Couscous is a staple in many countries’ cuisines such as Tunisia, Algeria, Libya, Israel, Morocco etc. I am taking my cues from Moroccan cuisine today because the spices they use are almost similar to Indian cuisine yet the combination is so varied that it tastes different yet delicious. Moroccan cuisines uses a wide array of spices, some of them are bay leaves, ginger, cinnamon, cumin and turmeric.
The aromas and flavors from spices, heat from the chili and smokiness of paprika, crunch and freshness of the veggies and creaminess of chick peas works so wonderfully in this dish. Its one of my favorites and easy to cook when super hungry (which is usually the case with me at dinnertime!). Packs so well in the lunchbox too! Make it! and may be close your eyes (like I do) and imagine you are somewhere in Morocco, eating couscous and sipping on fresh Green Mint Tea! Brilliant!!!
- TO BOIL COUSCOUS -
- 1 cup couscous
- 1½ cup water
- 1 tablespoon olive oil
- 1 teaspoon salt
- ---------------------------------------------------
- 3 tablespoons olive oil
- 1 bay leaf
- 3-4 garlic cloves, minced
- 1 tablespoon fresh ginger, grated
- 1 teaspoon cumin seeds
- ½ teaspoon smoked paprika
- 1 teaspoon turmeric powder
- ¼ teaspoon cinnamon powder
- 1 14-oz. can or 1½ cup of boiled chick peas or garbanzo beans
- 1 green chili or 1 jalapeno, finely chopped
- 1 medium size red onion, finely chopped
- ½ cup green pepper, diced
- ½ cup red pepper, diced
- ½ cup baby zucchini, sliced (or regular zucchini)
- 1 cup carrots, diced ( i have used yellow and dark-red carrots)
- 1 cup cherry tomatoes or grape tomatoes, halved
- ½ cup cilantro, chopped
- salt to taste
- Bring 1½ cup of water to a boil in a pan, add 1 tablespoon of olive oil and a teaspoon of salt to this.
- Remove from heat, add couscous and cover it with lead or use cling-film.

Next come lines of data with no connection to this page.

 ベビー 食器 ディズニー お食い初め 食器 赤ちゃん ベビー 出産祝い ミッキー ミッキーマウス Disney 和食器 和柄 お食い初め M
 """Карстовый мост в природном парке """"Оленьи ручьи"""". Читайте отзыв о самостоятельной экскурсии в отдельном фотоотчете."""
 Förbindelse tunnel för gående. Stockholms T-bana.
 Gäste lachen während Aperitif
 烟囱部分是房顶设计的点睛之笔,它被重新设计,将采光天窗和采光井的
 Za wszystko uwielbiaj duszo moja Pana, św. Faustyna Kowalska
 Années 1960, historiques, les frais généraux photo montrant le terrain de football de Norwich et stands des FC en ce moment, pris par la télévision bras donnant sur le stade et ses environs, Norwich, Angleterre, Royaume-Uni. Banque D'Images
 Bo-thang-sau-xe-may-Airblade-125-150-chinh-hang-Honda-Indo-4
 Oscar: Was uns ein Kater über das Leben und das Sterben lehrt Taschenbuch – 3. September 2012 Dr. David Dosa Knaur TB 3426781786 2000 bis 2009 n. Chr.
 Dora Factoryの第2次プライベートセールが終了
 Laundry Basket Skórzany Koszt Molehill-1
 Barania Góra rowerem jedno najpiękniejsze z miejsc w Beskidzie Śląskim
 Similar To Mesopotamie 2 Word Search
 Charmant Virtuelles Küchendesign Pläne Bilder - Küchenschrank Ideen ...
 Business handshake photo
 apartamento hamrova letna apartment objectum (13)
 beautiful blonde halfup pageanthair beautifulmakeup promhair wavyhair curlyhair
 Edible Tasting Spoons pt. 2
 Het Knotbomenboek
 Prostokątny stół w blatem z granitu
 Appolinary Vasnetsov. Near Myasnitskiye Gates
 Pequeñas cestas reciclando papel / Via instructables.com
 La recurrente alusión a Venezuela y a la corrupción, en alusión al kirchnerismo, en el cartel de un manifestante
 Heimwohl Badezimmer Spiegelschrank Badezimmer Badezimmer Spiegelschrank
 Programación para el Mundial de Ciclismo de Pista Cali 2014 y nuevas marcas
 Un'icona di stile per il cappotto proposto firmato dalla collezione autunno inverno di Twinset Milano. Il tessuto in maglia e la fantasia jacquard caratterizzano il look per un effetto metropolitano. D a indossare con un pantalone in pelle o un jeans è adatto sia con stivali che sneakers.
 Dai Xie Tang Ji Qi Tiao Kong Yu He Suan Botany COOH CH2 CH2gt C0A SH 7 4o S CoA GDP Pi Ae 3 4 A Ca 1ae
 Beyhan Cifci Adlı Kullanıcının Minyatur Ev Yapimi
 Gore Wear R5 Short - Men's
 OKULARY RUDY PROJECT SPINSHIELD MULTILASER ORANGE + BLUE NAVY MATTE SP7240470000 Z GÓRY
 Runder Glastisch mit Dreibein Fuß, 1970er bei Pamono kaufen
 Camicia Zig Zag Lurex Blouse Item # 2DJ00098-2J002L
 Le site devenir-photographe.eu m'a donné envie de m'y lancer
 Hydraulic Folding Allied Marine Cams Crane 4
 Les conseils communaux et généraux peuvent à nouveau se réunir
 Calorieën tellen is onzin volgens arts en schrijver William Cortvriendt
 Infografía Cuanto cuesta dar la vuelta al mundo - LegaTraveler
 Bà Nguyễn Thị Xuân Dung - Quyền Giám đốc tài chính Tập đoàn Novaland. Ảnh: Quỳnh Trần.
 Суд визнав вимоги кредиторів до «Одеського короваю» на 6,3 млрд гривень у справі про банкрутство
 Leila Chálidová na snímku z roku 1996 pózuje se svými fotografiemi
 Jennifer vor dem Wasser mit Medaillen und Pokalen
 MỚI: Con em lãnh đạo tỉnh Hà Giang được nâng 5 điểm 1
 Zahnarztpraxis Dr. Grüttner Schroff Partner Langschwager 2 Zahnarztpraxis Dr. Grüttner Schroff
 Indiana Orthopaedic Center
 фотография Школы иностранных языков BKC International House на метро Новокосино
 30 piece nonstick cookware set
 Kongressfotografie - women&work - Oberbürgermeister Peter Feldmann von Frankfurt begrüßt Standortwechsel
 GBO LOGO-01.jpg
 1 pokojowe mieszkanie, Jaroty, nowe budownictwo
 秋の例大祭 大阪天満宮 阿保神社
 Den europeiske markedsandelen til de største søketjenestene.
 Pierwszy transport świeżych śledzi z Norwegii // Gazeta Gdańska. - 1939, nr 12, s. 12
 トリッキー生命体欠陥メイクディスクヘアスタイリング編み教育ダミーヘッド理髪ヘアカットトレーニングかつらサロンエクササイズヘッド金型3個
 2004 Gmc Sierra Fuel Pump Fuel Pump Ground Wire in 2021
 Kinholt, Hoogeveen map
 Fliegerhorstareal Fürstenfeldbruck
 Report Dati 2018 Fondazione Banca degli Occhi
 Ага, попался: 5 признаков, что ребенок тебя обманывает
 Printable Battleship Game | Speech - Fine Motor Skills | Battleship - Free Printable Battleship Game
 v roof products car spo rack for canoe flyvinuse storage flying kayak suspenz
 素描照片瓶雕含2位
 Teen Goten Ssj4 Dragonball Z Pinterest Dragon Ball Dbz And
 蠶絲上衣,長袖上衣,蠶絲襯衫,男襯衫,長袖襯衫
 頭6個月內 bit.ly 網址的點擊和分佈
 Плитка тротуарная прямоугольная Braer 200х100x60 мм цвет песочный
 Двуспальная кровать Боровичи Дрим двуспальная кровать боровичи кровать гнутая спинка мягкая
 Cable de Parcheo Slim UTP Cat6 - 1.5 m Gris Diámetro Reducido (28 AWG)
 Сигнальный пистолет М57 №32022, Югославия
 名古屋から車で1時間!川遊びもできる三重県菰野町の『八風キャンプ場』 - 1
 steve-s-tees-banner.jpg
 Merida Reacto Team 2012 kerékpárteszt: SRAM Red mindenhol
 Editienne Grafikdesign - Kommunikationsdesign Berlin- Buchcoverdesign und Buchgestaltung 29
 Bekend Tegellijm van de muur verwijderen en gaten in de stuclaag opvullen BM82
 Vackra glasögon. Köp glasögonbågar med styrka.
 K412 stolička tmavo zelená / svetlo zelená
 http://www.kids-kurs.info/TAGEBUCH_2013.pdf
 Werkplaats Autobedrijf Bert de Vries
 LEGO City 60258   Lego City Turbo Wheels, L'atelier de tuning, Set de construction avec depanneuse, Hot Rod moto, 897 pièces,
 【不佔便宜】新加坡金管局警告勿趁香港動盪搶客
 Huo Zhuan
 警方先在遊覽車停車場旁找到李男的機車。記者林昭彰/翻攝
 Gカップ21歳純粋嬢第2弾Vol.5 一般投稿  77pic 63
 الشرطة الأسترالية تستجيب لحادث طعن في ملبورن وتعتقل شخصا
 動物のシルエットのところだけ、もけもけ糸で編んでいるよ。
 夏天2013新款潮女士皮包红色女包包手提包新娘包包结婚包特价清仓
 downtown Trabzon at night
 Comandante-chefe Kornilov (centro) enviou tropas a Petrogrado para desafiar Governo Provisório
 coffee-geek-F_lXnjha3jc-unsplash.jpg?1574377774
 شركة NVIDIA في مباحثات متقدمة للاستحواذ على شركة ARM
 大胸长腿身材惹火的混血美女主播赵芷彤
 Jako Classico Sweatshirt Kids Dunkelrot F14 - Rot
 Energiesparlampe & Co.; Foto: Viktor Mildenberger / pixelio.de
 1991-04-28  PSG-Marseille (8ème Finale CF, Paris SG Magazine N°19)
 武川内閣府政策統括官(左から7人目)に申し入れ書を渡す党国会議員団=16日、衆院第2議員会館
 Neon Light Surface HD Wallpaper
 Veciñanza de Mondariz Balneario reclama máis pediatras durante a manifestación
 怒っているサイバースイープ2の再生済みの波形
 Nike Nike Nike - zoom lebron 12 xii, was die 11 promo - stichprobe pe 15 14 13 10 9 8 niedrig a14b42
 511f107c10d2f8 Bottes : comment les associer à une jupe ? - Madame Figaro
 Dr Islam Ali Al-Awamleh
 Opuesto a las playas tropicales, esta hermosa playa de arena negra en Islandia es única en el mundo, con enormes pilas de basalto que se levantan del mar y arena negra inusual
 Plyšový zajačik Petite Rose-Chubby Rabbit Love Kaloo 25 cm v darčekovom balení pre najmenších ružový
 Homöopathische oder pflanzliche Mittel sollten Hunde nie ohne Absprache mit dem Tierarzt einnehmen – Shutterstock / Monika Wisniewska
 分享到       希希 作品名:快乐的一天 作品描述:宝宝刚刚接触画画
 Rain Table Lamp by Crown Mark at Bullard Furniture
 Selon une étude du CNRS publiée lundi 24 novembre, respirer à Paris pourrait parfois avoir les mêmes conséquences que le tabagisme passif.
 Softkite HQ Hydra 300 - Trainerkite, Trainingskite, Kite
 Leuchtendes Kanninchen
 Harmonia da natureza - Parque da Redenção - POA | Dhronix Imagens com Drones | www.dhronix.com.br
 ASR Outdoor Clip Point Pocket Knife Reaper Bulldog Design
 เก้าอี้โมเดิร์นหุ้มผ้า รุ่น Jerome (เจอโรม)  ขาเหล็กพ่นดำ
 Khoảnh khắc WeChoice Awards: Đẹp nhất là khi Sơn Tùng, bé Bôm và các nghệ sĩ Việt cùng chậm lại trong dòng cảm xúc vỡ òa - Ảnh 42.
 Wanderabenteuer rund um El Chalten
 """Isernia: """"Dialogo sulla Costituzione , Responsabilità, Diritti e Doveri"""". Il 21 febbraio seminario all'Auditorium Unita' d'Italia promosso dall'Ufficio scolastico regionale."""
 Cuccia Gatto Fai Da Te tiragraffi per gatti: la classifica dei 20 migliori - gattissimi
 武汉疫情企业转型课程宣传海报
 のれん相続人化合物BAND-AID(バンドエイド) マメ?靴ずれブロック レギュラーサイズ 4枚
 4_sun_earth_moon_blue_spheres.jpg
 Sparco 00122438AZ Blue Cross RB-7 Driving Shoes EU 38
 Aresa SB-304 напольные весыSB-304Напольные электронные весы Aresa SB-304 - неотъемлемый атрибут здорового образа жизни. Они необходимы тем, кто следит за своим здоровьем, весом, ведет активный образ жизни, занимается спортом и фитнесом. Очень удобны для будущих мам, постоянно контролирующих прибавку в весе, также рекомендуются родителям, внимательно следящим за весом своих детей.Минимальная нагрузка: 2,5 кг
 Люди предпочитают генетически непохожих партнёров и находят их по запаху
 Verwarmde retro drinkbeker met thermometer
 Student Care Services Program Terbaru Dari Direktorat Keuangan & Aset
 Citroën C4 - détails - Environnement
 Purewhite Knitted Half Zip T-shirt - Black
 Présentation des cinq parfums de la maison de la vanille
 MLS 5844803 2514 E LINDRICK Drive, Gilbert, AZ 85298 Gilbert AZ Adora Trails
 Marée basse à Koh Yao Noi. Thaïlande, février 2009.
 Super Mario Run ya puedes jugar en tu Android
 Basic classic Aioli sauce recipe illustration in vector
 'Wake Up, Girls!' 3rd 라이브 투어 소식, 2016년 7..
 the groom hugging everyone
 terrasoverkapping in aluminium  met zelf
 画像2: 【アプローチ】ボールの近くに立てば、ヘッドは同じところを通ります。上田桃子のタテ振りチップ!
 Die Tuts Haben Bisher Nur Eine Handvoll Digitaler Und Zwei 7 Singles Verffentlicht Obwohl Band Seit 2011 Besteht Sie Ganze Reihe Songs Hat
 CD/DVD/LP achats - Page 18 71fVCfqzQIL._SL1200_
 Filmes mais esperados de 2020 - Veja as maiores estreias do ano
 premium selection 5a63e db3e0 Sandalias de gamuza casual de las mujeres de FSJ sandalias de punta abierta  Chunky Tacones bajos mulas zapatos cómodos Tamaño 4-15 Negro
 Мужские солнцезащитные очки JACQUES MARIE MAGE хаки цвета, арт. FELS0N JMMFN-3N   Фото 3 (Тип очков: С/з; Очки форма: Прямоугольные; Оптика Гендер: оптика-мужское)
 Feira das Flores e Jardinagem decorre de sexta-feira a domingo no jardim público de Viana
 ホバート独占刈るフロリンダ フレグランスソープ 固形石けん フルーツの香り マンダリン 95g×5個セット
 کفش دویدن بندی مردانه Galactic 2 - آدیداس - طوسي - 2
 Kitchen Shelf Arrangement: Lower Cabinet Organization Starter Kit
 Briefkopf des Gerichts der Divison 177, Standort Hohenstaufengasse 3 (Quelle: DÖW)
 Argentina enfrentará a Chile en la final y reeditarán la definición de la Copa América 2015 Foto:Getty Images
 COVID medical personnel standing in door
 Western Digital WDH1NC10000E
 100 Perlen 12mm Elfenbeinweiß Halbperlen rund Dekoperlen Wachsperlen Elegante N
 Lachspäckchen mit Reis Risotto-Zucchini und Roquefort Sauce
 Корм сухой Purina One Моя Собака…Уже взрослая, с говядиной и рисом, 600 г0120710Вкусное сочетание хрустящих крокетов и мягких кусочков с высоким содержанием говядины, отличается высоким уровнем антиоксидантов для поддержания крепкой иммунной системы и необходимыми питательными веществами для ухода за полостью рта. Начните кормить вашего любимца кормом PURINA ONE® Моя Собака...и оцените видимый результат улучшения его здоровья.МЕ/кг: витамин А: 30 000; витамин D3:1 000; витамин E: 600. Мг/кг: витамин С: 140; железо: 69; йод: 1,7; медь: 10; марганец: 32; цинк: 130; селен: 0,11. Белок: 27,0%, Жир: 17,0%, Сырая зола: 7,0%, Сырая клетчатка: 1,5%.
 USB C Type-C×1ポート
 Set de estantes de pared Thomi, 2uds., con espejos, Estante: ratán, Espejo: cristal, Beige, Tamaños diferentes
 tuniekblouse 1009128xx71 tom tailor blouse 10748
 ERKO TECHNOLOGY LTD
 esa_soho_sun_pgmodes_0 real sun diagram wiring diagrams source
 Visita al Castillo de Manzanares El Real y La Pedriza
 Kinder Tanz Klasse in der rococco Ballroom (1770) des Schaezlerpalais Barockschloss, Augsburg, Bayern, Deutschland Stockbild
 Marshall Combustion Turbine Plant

Let it rest for 10-12 mins.
- Uncover the couscous and fluff it up with the help of a fork, you can drizzle more olive oil to help with the process of separating grains. Make sure there are no big lumps. Set aside.
- In a pan, heat olive oil. Add bay leaf and cumin seed and cook for few seconds.
- Now go ahead and add garlic-ginger that we minced. Do not let this burn, just cook it for a minute or until garlic-ginger are golden, stirring constantly.
- Add onion and chopped green chili, saute for 1-2 minutes and add spices - turmeric powder, cinnamon powder and smoked paprika. Stir well.
- Now go ahead and add all the vegetable except tomatoes. Let everything cook for 5 minutes. Do not overcook, the idea is to cook till the raw flavor of veggies is gone but they retain the texture and color.
- Add chick peas and again cook for 1-2 minutes.
- Add salt to taste.
- Now add the fluffed up couscous, stir gently until all of the white couscous is mixed and well coated.
- Turn off the heat and add the cherry tomatoes. The warmth of the couscous will soften them a little.
- Add chopped cilantro and Serve!
You can add almost all of your favorite veggies in this, though traditionally turnips, carrots, tomatoes, zucchini, butternut squash etc. are used.
I have cut the veggies small to help speed up the cooking to make it under 30 mins, traditionally they are cut into big cubes ( about 1 to 2 inch). Feel free to cut it the way you want but keep all of them in same thickness.
Green chili is optional if you do not like heat, just use the smoked paprika.
Fresh ginger can be substituted with ground ginger powder, add it along with other spices though. Same goes with cumin seeds, can be substituted with ground cumin powder.
Gluten Free eaters, use gluten free couscous (available at places like wholefoods etc.)